И совсем уже не обрядно — простым рыданием нашего века, не бедного ими, рыдала злосчастная Матренина приемная дочь — та Кира из Черустей, для которой везли и ломали эту горницу. Ее завитые локончики жалко растрепались. Красны, как кровью залиты, были глаза. Она не замечала, как сбивается на морозе ее платок, или надевала пальто мимо рукава. Она невменяемая ходила от гроба приемной матери в одном доме к гробу брата в другом, — и еще опасались за разум ее, потому что должны были мужа судить.
Выступало так, что муж ее был виновен вдвойне: он не только вез горницу, но был железнодорожный машинист, хорошо знал правила неохраняемых переездов — и должен был сходить на станцию, предупредить о тракторе. В ту ночь в уральском скором тысяча жизней людей, мирно спавших на первых и вторых полках при полусвете поездных ламп, должна была оборваться. Из-за жадности нескольких людей: захватить участок земли или не делать второго рейса трактором.
Из-за горницы, на которую легло проклятие с тех пор, как руки Фаддея ухватились ее ломать.

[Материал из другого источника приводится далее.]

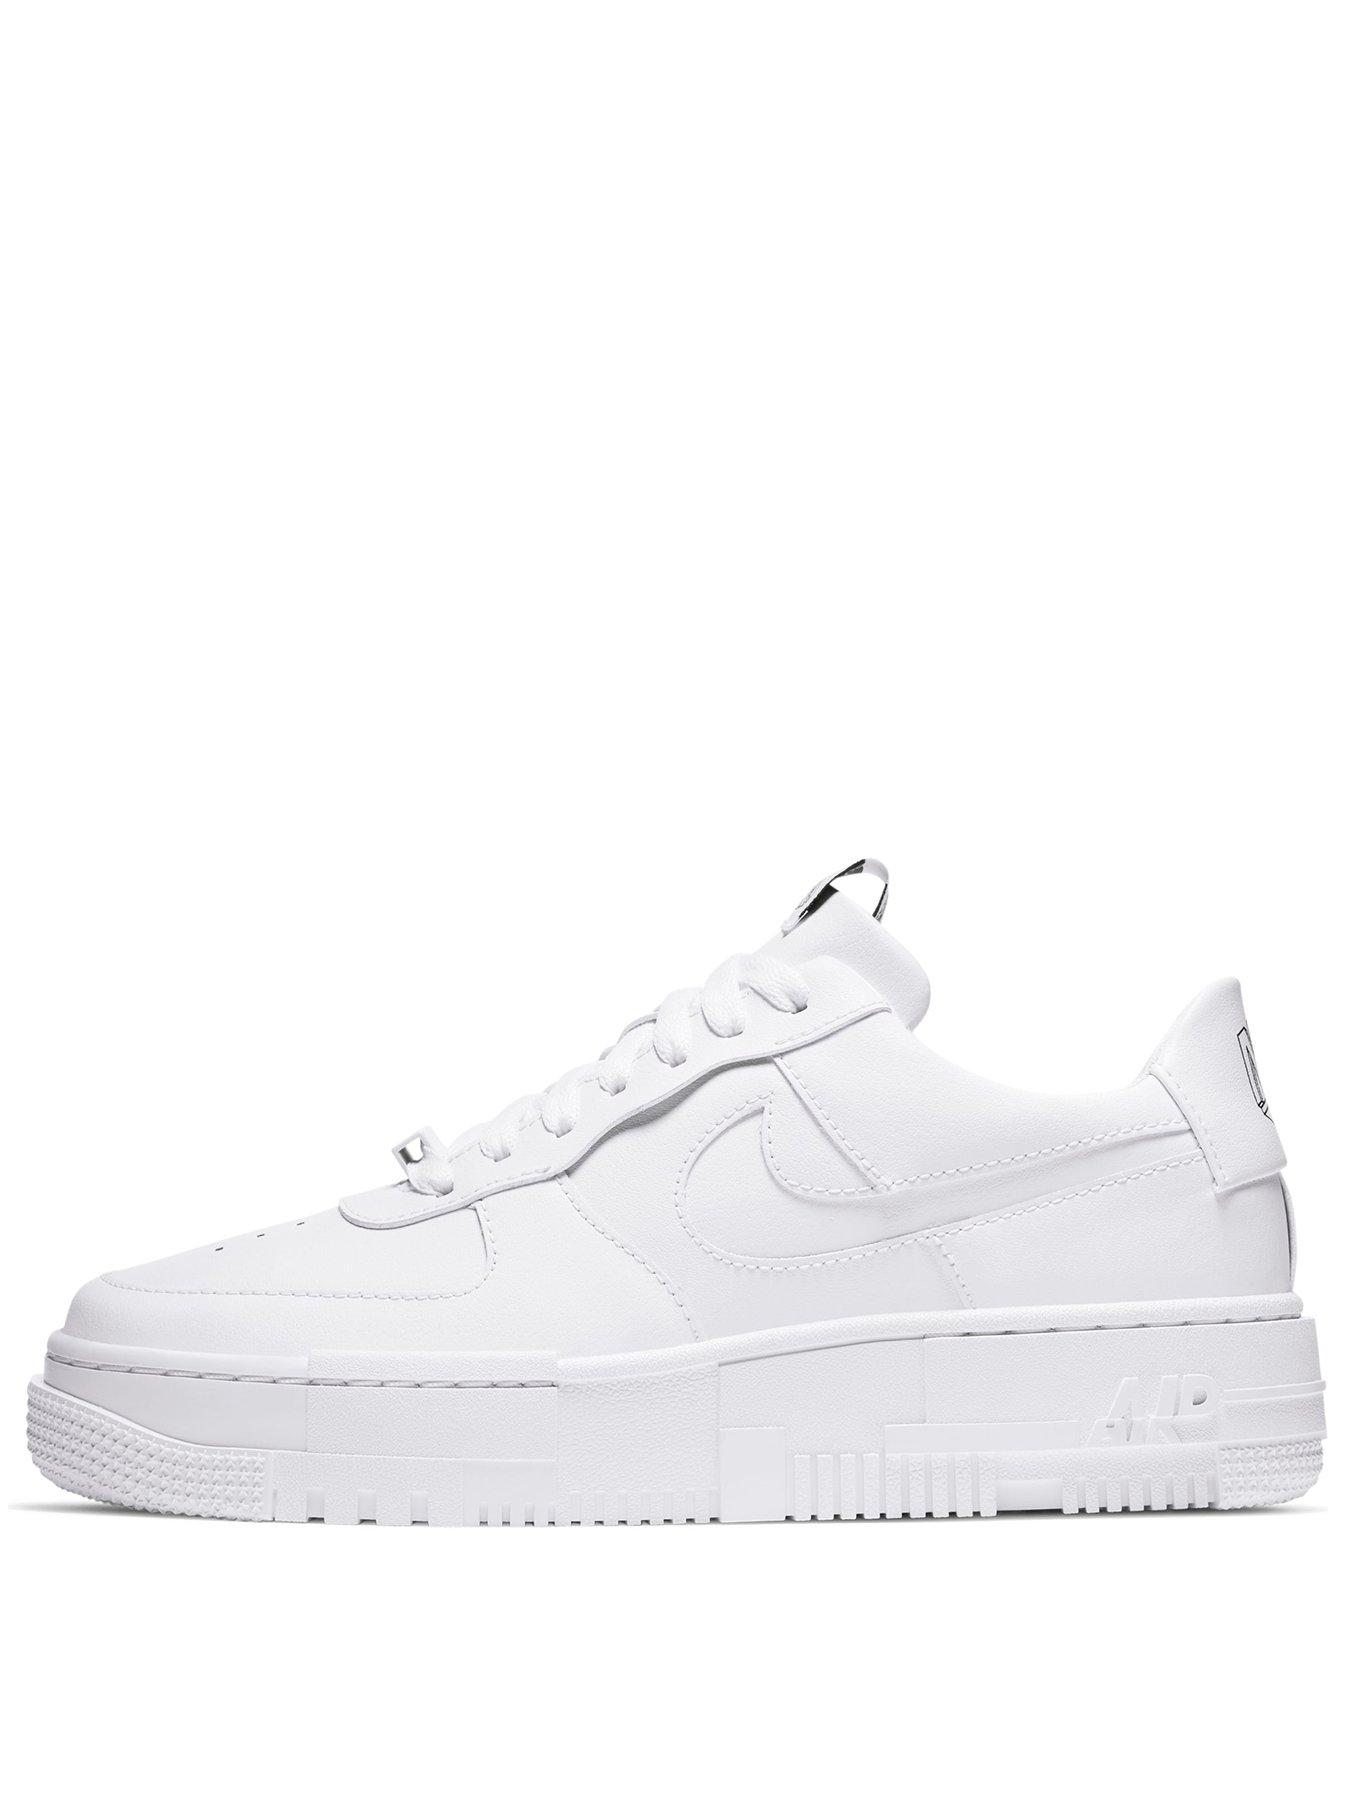 air forces 1 size 3

Впрочем, тракторист уже ушел от людского суда. А управление дороги само было виновно и в том, что оживленный переезд не охранялся, и в том, что паровозная сплотка шла без фонарей. Потому-то они сперва все старались свалить на пьянку, а теперь замять и самый суд.

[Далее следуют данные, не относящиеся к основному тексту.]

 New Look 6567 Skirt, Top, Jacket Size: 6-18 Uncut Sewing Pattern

Рельсы и полотно так искорежило, что три дня, пока гробы стояли в домах, поезда не шли — их заворачивали другою веткой. Всю пятницу, субботу и воскресенье — от конца следствия и до похорон — на переезде днем и ночью шел ремонт пути. Ремонтники мерзли и для обогрева, а ночью и для света раскладывали костры из даровых досок и бревен со вторых саней, рассыпанных близ переезда.
А первые сани, нагруженные, целые, так и стояли за переездом невдали.

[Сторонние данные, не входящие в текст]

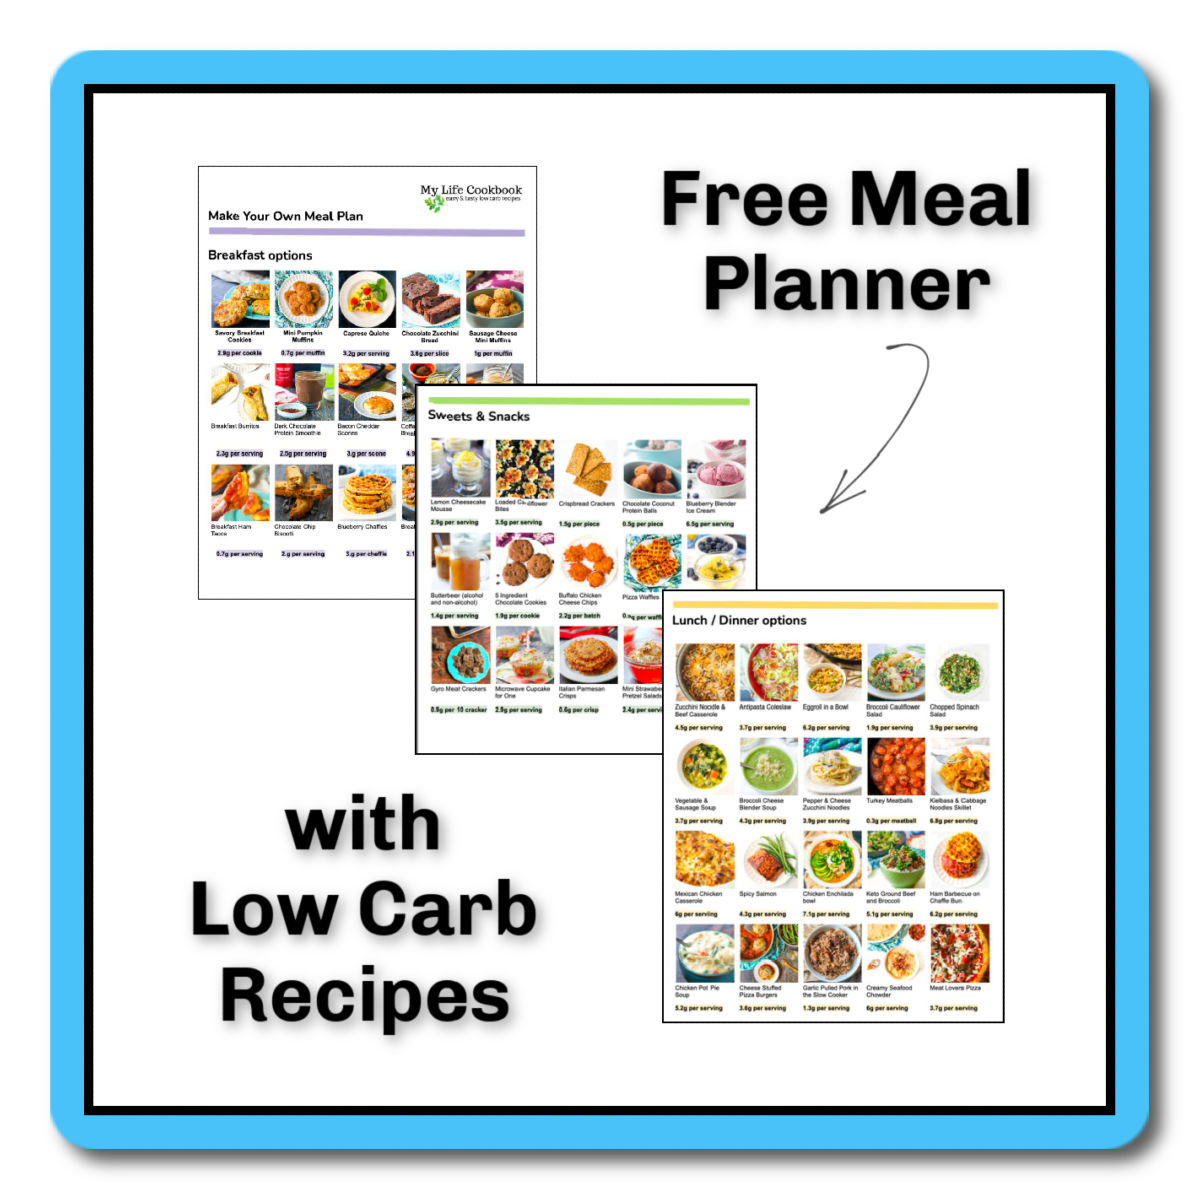 graphic of meal planner pages and text

И именно это — что одни сани дразнили, ждали с готовым тросом, а вторые еще можно было выхватывать из огня — именно это терзало душу чернобородого Фаддея всю пятницу и всю субботу. Дочь его трогалась разумом, над зятем висел суд, в собственном доме его лежал убитый им сын, на той же улице — убитая им женщина, которую он любил когда-то, — Фаддей только ненадолго приходил постоять у гробов, держась за бороду. Высокий лоб его был омрачен тяжелой думой, но дума эта была — спасти бревна горницы от огня и от козней Матрениных сестер.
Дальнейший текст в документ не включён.